1 /*===---- bmi2intrin.h - BMI2 intrinsics -----------------------------------===
2  *
3  * Part of the LLVM Project, under the Apache License v2.0 with LLVM Exceptions.
4  * See https://llvm.org/LICENSE.txt for license information.
5  * SPDX-License-Identifier: Apache-2.0 WITH LLVM-exception
6  *
7  *===-----------------------------------------------------------------------===
8  */
9 
10 #ifndef __IMMINTRIN_H
11 #error "Never use <bmi2intrin.h> directly; include <immintrin.h> instead."
12 #endif
13 
14 #ifndef __BMI2INTRIN_H
15 #define __BMI2INTRIN_H
16 
17 /* Define the default attributes for the functions in this file. */
18 #define __DEFAULT_FN_ATTRS __attribute__((__always_inline__, __nodebug__, __target__("bmi2")))
19 
20 /// Copies the unsigned 32-bit integer \a __X and zeroes the upper bits
21 ///    starting at bit number \a __Y.
22 ///
23 /// \code{.operation}
24 /// i := __Y[7:0]
25 /// result := __X
26 /// IF i < 32
27 ///   result[31:i] := 0
28 /// FI
29 /// \endcode
30 ///
31 /// \headerfile <immintrin.h>
32 ///
33 /// This intrinsic corresponds to the \c BZHI instruction.
34 ///
35 /// \param __X
36 ///    The 32-bit source value to copy.
37 /// \param __Y
38 ///    The lower 8 bits specify the bit number of the lowest bit to zero.
39 /// \returns The partially zeroed 32-bit value.

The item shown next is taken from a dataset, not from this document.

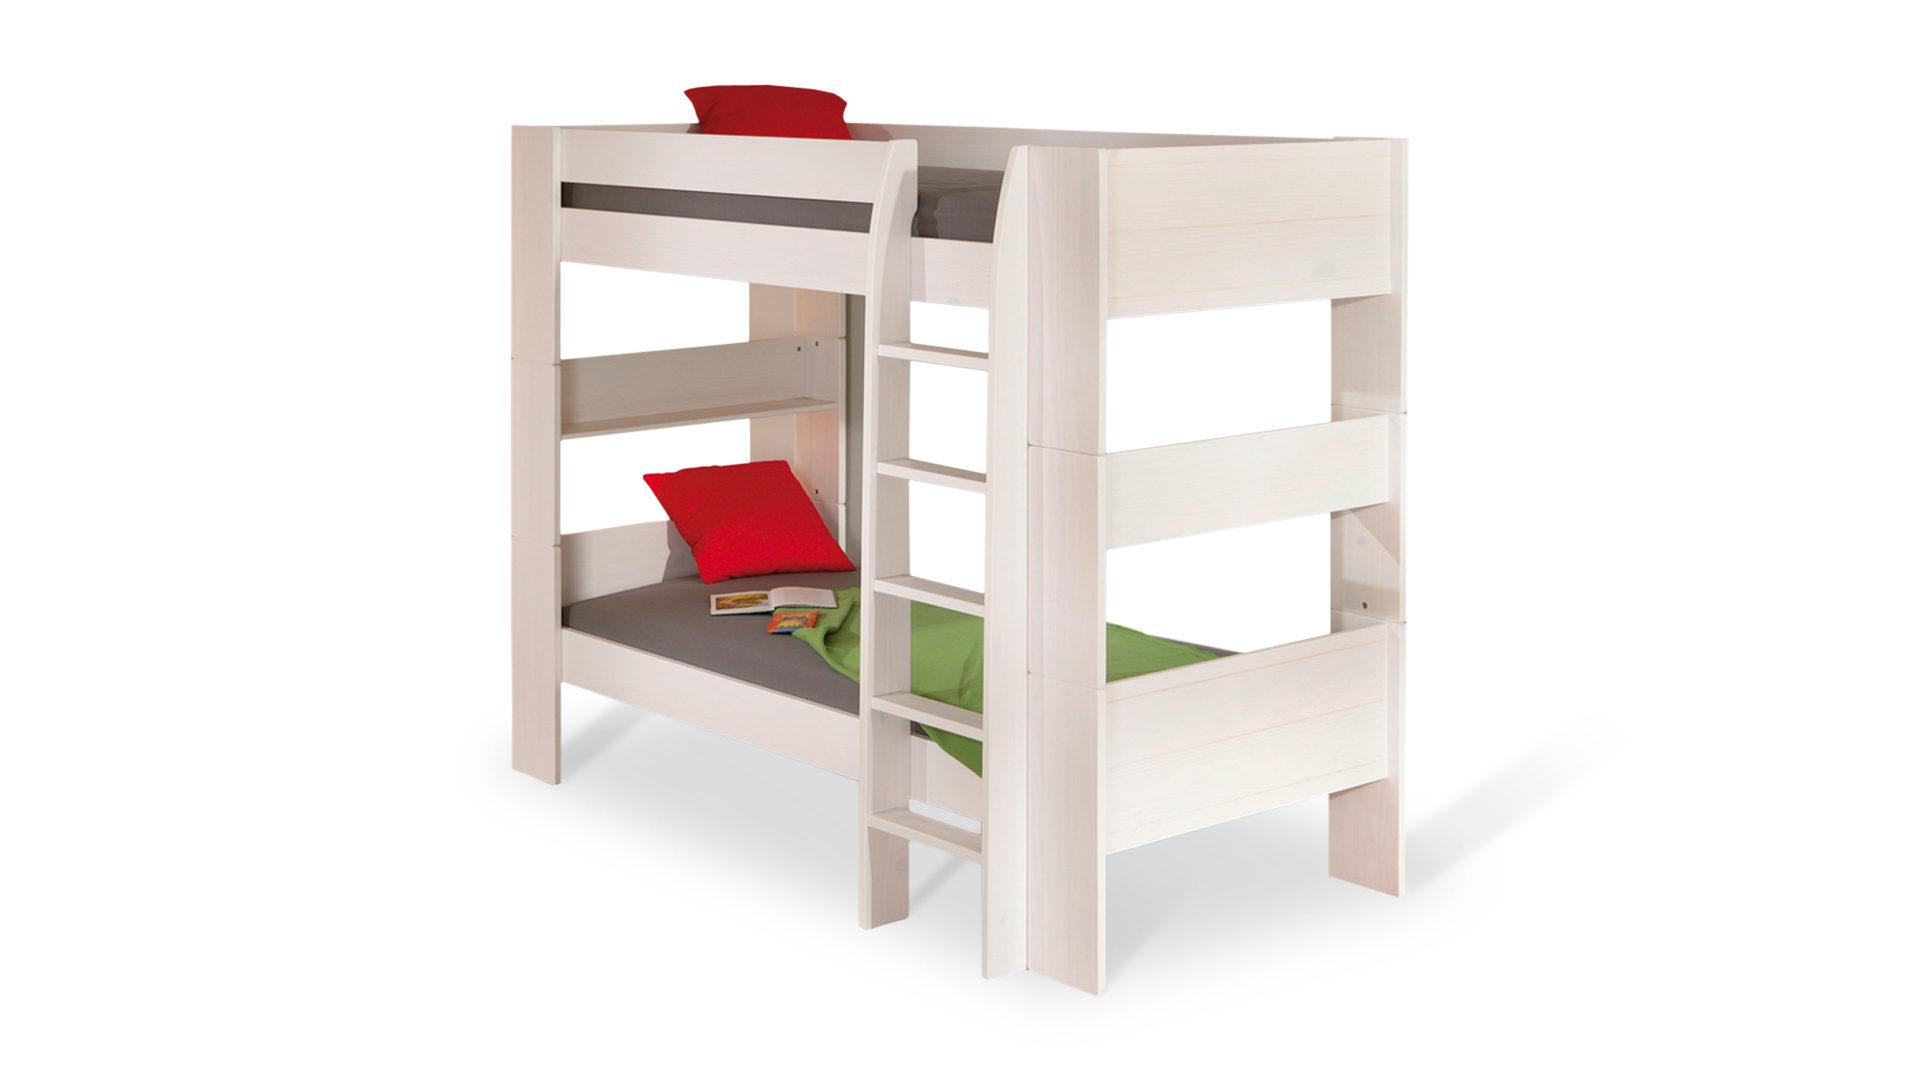 Etagenbett Sofa Duo : Etagenbett hochbett jakob weiß cm unschädlich lackiert
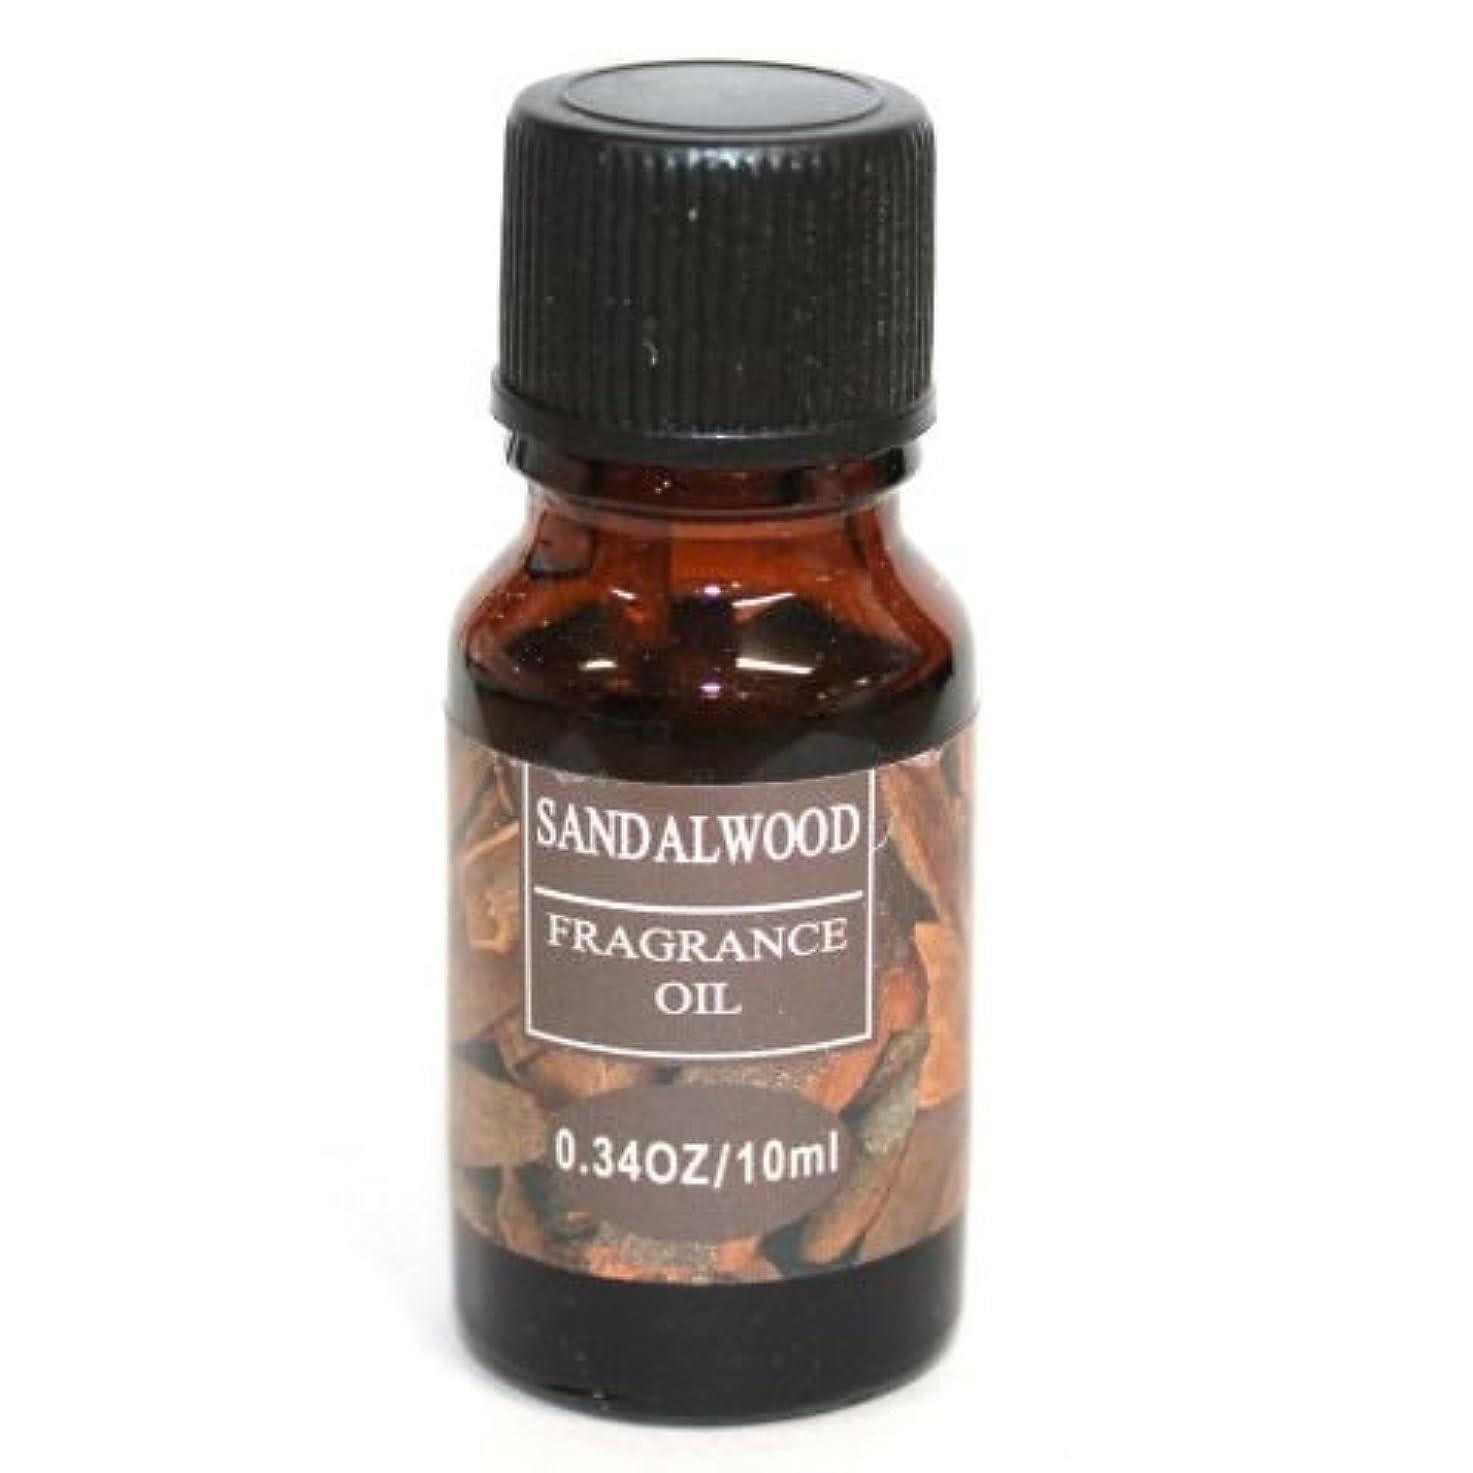 議題ショット意気揚々RELAXING アロマオイル フレグランスオイル サンダルウッドの香り ビャクダン (白檀) RQ-03

40 static __inline__ unsigned int __DEFAULT_FN_ATTRS
41 _bzhi_u32(unsigned int __X, unsigned int __Y)
42 {
43   return __builtin_ia32_bzhi_si(__X, __Y);
44 }
45 
46 /// Deposit (scatter) low-order bits from the unsigned 32-bit integer \a __X
47 ///    into the 32-bit result, according to the mask in the unsigned 32-bit
48 ///    integer \a __Y. All other bits of the result are zero.
49 ///
50 /// \code{.operation}
51 /// i := 0
52 /// result := 0
53 /// FOR m := 0 TO 31
54 ///   IF __Y[m] == 1
55 ///     result[m] := __X[i]
56 ///     i := i + 1
57 ///   ENDIF
58 /// ENDFOR
59 /// \endcode
60 ///
61 /// \headerfile <immintrin.h>
62 ///
63 /// This intrinsic corresponds to the \c PDEP instruction.
64 ///
65 /// \param __X
66 ///    The 32-bit source value to copy.
67 /// \param __Y
68 ///    The 32-bit mask specifying where to deposit source bits.
69 /// \returns The 32-bit result.
70 static __inline__ unsigned int __DEFAULT_FN_ATTRS
71 _pdep_u32(unsigned int __X, unsigned int __Y)
72 {
73   return __builtin_ia32_pdep_si(__X, __Y);
74 }
75 
76 /// Extract (gather) bits from the unsigned 32-bit integer \a __X into the
77 ///    low-order bits of the 32-bit result, according to the mask in the
78 ///    unsigned 32-bit integer \a __Y. All other bits of the result are zero.
79 ///
80 /// \code{.operation}
81 /// i := 0
82 /// result := 0
83 /// FOR m := 0 TO 31
84 ///   IF __Y[m] == 1
85 ///     result[i] := __X[m]
86 ///     i := i + 1
87 ///   ENDIF
88 /// ENDFOR
89 /// \endcode
90 ///
91 /// \headerfile <immintrin.h>
92 ///
93 /// This intrinsic corresponds to the \c PEXT instruction.
94 ///
95 /// \param __X
96 ///    The 32-bit source value to copy.
97 /// \param __Y
98 ///    The 32-bit mask specifying which source bits to extract.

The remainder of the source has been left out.